### Activity
Quote every line of the data below as it stands, omitting pictures.

### Information supplied

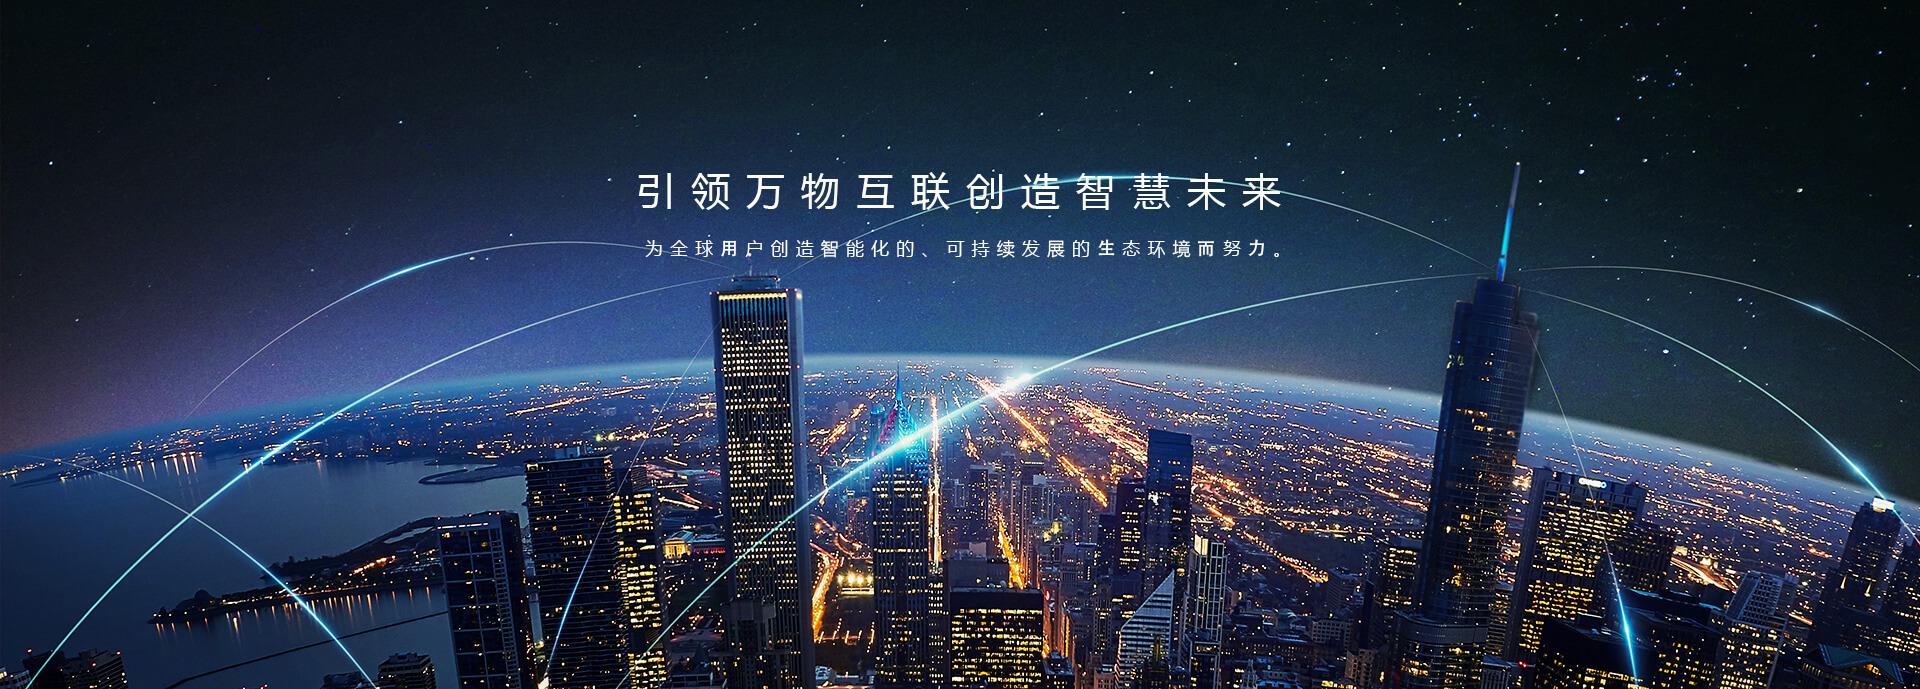 资讯_产品中心-智能家居产品-聪明屋智能家居-深圳智能家居系统提供商
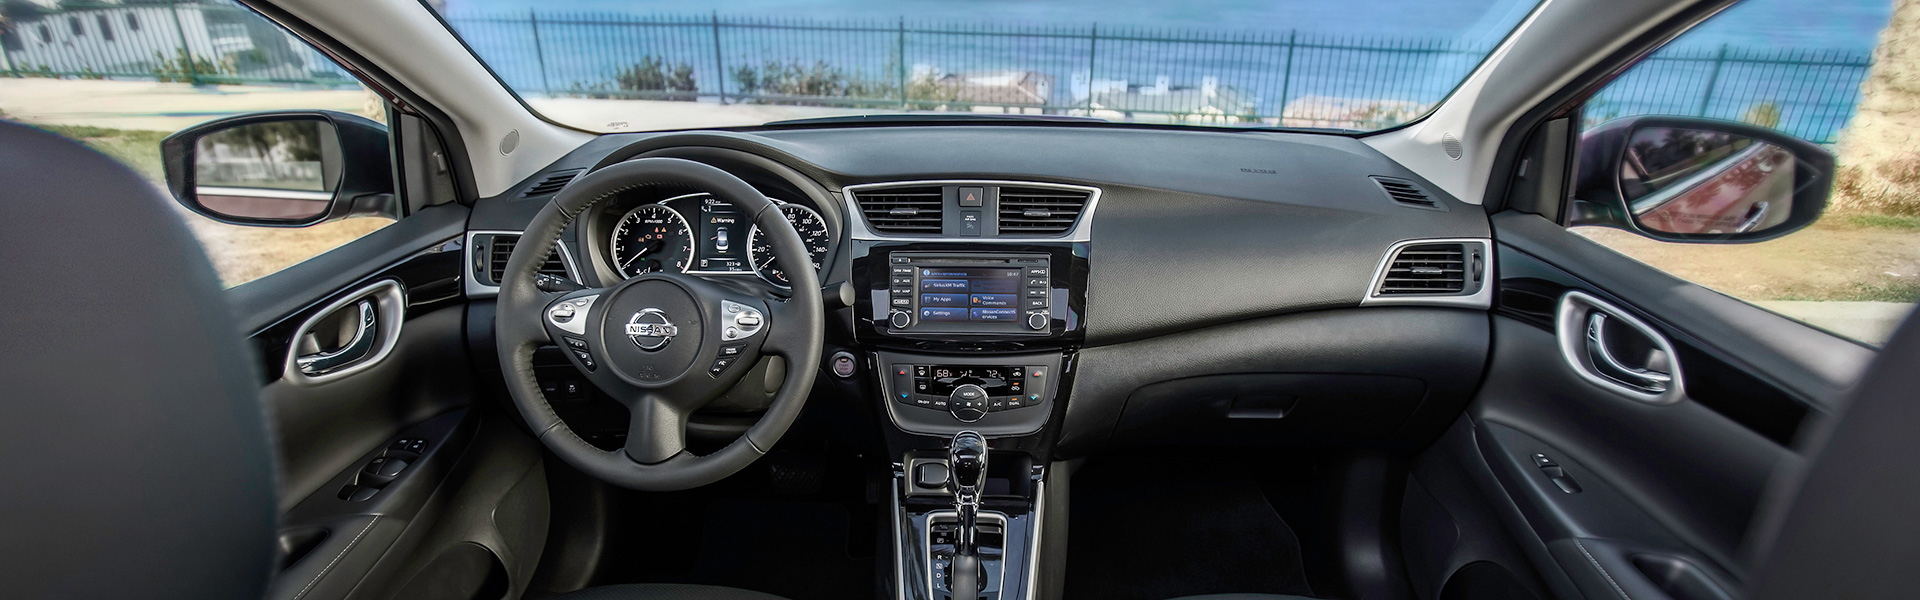 Nissan dash
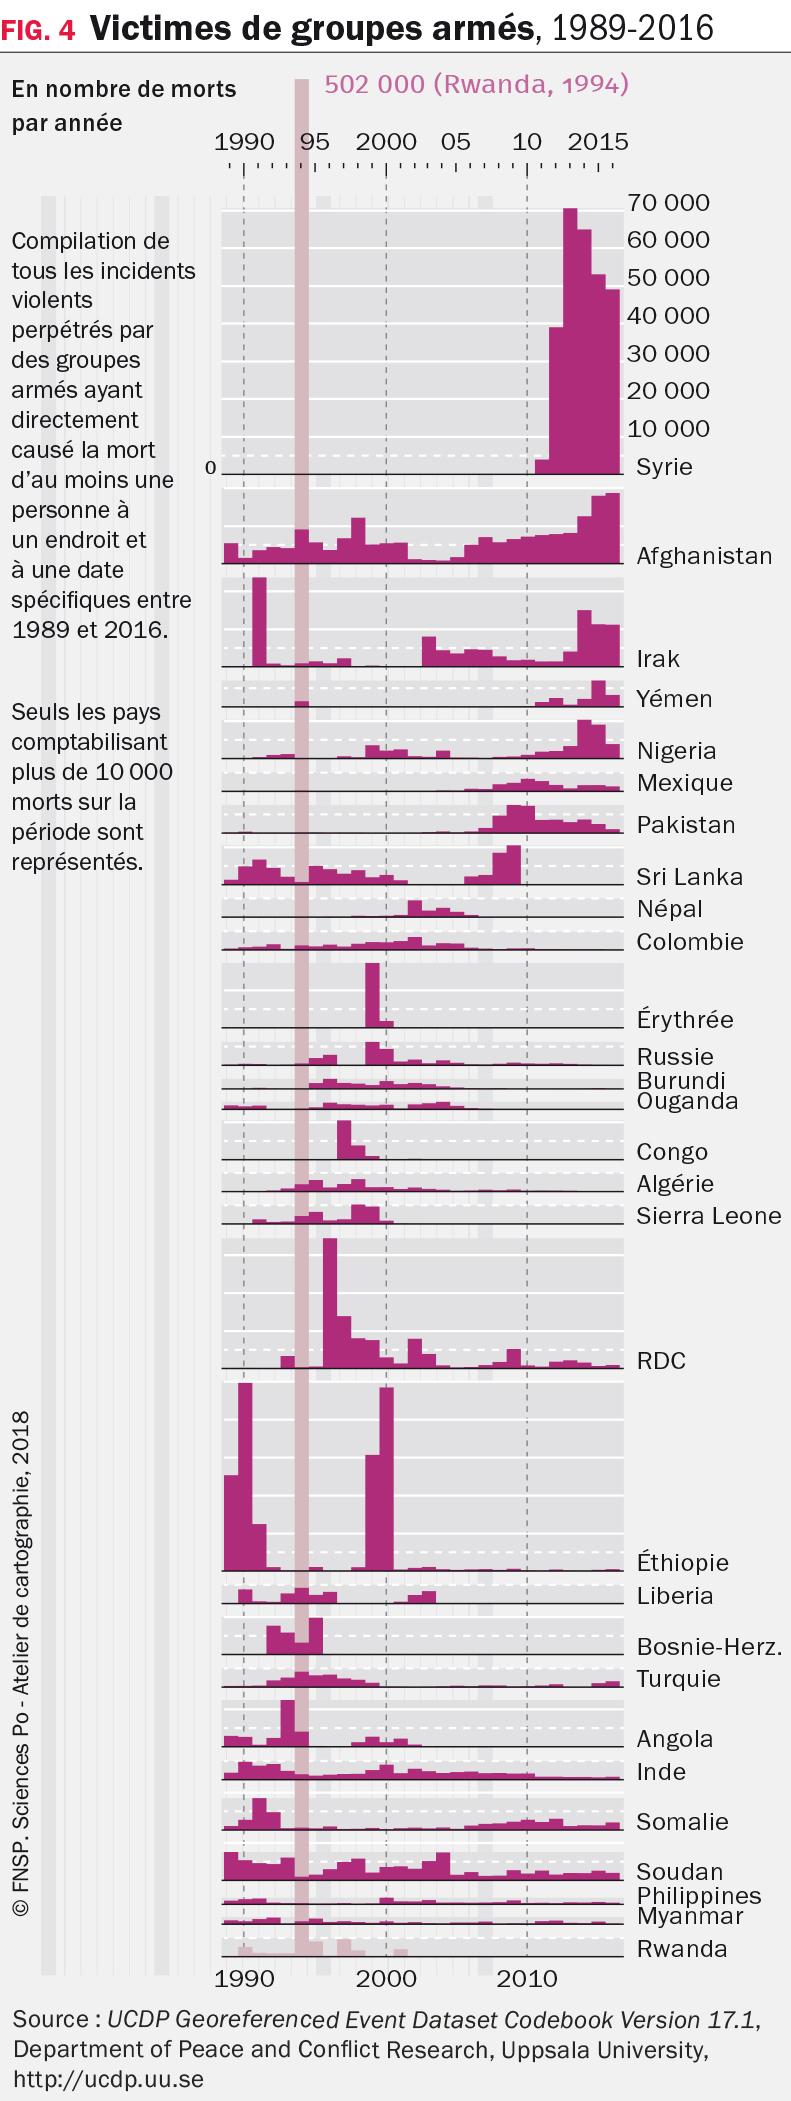 Victimes de groupes armés, 1989-2016

### Expected output
 资讯_产品中心-智能家居产品-聪明屋智能家居-深圳智能家居系统提供商
 Nissan dash
 Victimes de groupes armés, 1989-2016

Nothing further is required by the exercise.